И было большой удачей для попавшего в такой лагерь через несколько месяцев измывательств вечно пьяных тыловиков-энкавэдэшников получить год штрафбата, а не последнюю прогулку к расстрельному рву. Русские солдаты отдавали свои жизни на фронте за Родину, а Родина для большей мотивации своих солдат создала разветвлённую карательную машину. Если ты не можешь умереть за Родину на фронте, то знай – ты умрёшь в фильтрационном лагере.
После таких рассказов я начинал задумываться, а всё ли так хорошо устроено в этой стране. Лозунги-то провозглашаются хорошие, правильные, справедливые. Но вот действительность далека от тех идеалов, что провозгласили коммунисты, свергая царя. Я начал думать, как можно исправить ситуацию, как, какими методами и способами можно бороться с этой несправедливостью большевистского режима. Иногда я заводил разговоры на эту тему с однокурсниками. Но они (по большей части) были запуганы комиссарами и особистами и избегали обсуждать эти опасные темы.
И вот я на фронте. Мне повезло, я почти не видел ужасов передовой. Моя батарея располагалась в трёх километрах от неё, в тылу. Мы должны были специальными приборами засекать звуки выстрелов вражеских орудий, вычислять их местоположение и передавать вычисленные координаты в штаб нашей бригады. А уж штаб бригады организовывал ответный огонь нашей артиллерии.

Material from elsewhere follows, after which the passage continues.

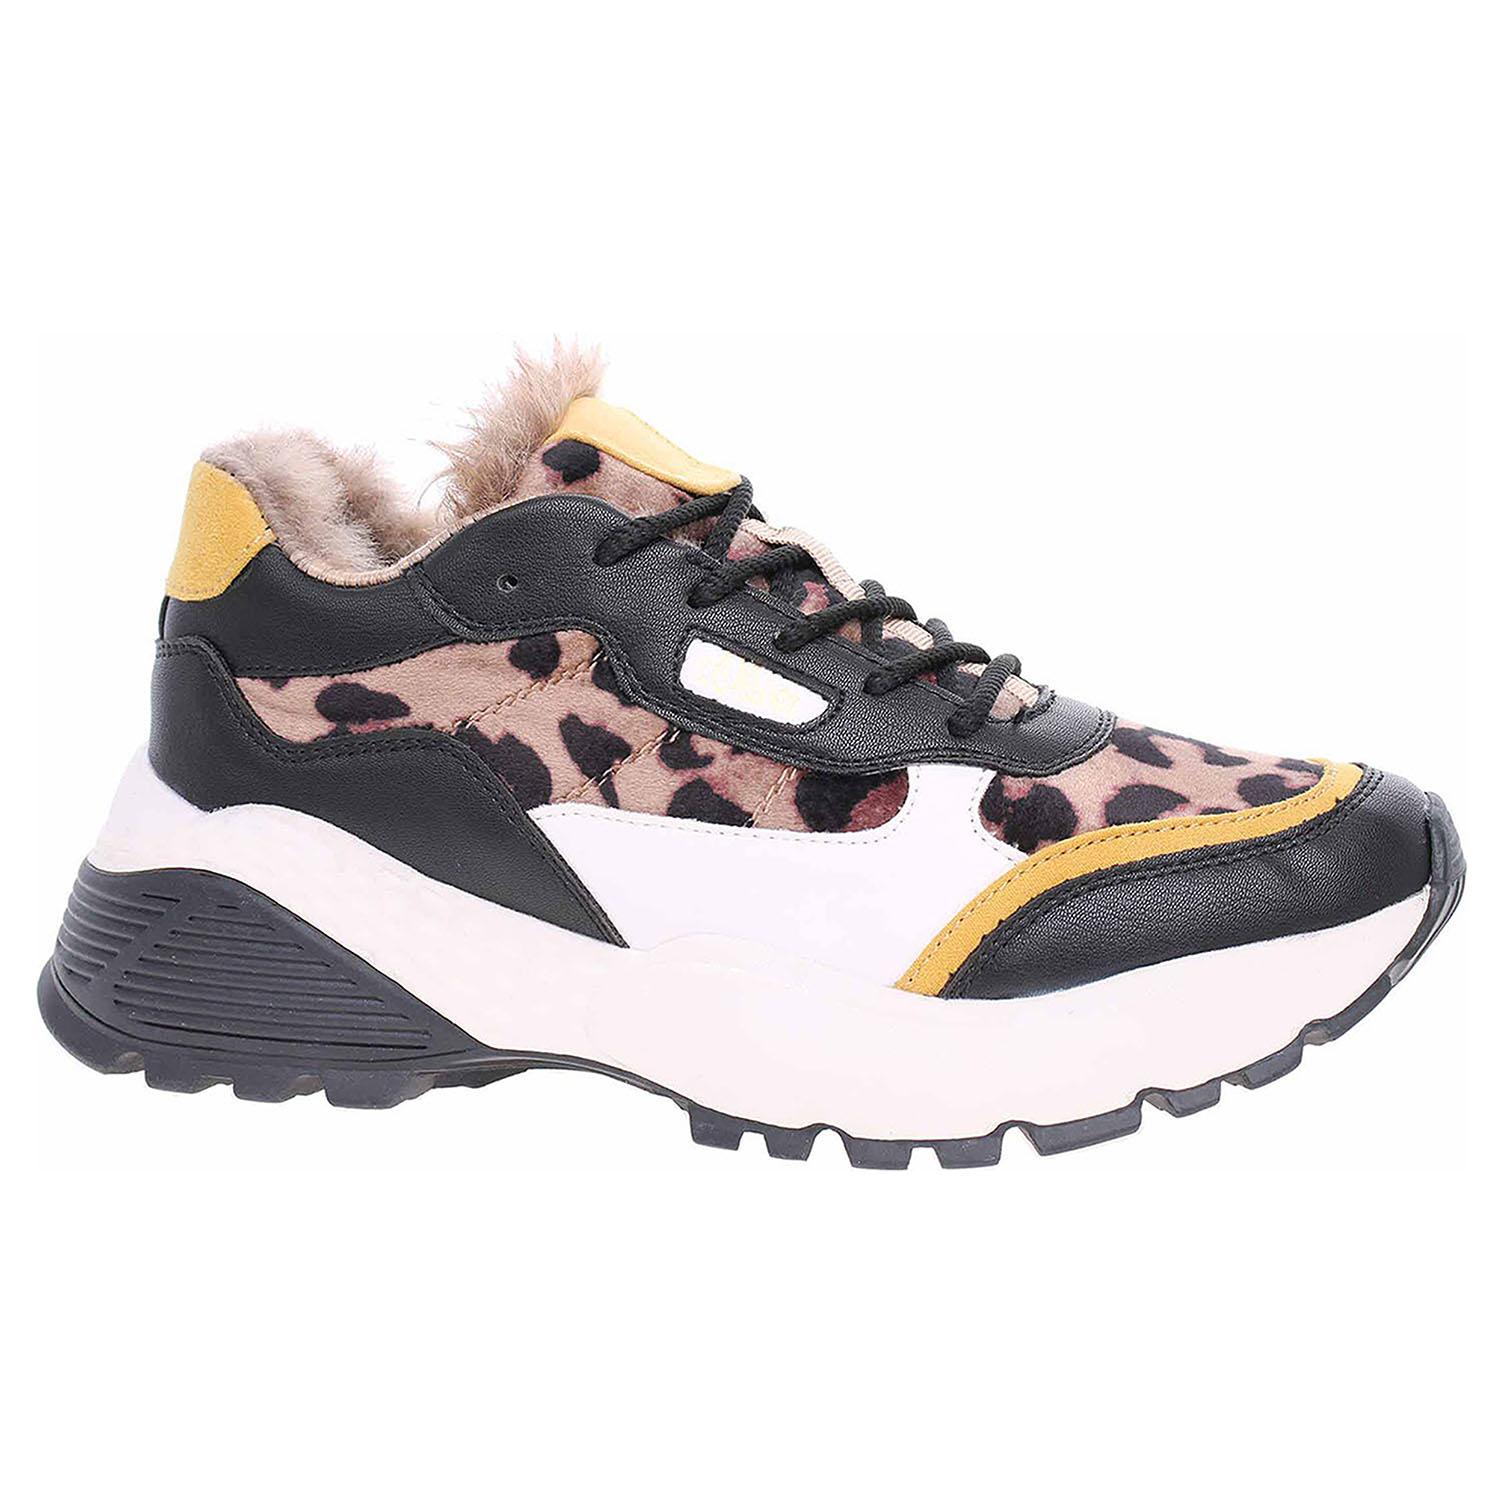 Dámská obuv s.Oliver 5-23628-33 black-leo comb 5-5-23628-33 089 39

Сначала мы стояли на одном месте. Фронт отражал попытки немцев вызволить свои войска из огромного котла, в который Красная армия каким-то чудом смогла загнать всю группу армий «Центр» Вермахта. Погода стояла наипротивнейшая. Снег вперемешку с дождём. Днём – снежно-грязевая слякоть по колено.
Ночью – мороз, и слякоть превращается в ледяные остро-каменные буераки. Вечно мокро-замёрзшая шинель, негнущиеся сапоги от пропитавшей их и замёрзшей влаги. Меня спасло только то, что я почти сразу сообразил заставить своих солдат соорудить мне из нарубленного тайком леса землянку. В землянку ещё при строительстве заволокли трофейную немецкую полевую кухню, и её можно было использовать вместо печки. Вот в этой землянке я и сидел, отогреваясь, пока не приходил очередной приказ из штаба дивизиона или бригады. Часто это бывали приказы ни о чём. Но всё равно надо было выбираться из тепла и уюта землянки и идти дублировать эти бестолковые приказы своим подчинённым.
Несмотря на то что моя батарея не принимала участия в собственно боевых действиях, количество солдат в ней постоянно уменьшалось. Не смерти и ранения были тому виной, а отсутствие заботы со стороны высокого начальства. Оно абсолютно не заботилось о том, где и как размещены солдаты. Никакого жилья у нас поблизости не было. Даже обычных палаток не было у нас на батарее. Окопы и выкопанные в мёрзлой земле щели были ночным пристанищем русских воинов. Вот в этих стылых окопах и теряли здоровье защитники этой страны. Почти половина солдат моей батареи была отправлена в госпиталь с обморожениями и воспалениями лёгких.
Лес рубить командование нам запрещало. Маскировку нельзя было нарушать ни под каким предлогом. Однажды мои солдаты нарубили елового лапника и соорудили из него шалаш. Но в тот же день на наши позиции приехал комиссар из бригады и заставил спалить этот шалаш, а мне объявил выговор за неумение организовать размещение личного состава и за нарушение маскировки.
Время шло, весна вступала в свои права, снег почти везде растаял, но до летнего тепла было ещё далеко. Неожиданно для всех нас немцы в белорусском котле начали сдаваться, а наш фронт стал неторопливо продвигаться к новой границе. Однажды мне повезло. Моя батарея, как обычно, развернула своё оборудование и чутко ловила звуки вражеской стрельбы. По координатам, которые я тогда выдал в штаб бригады, был нанесён артиллерийский удар. Как потом оказалось – весьма успешный. Что-то там действительно серьёзное удалось уничтожить в тылу у немцев. Даже вроде бы какого-то немецкого генерала убило. За это я получил свой первый и, скорее всего, единственный орден. Орден Отечественной войны.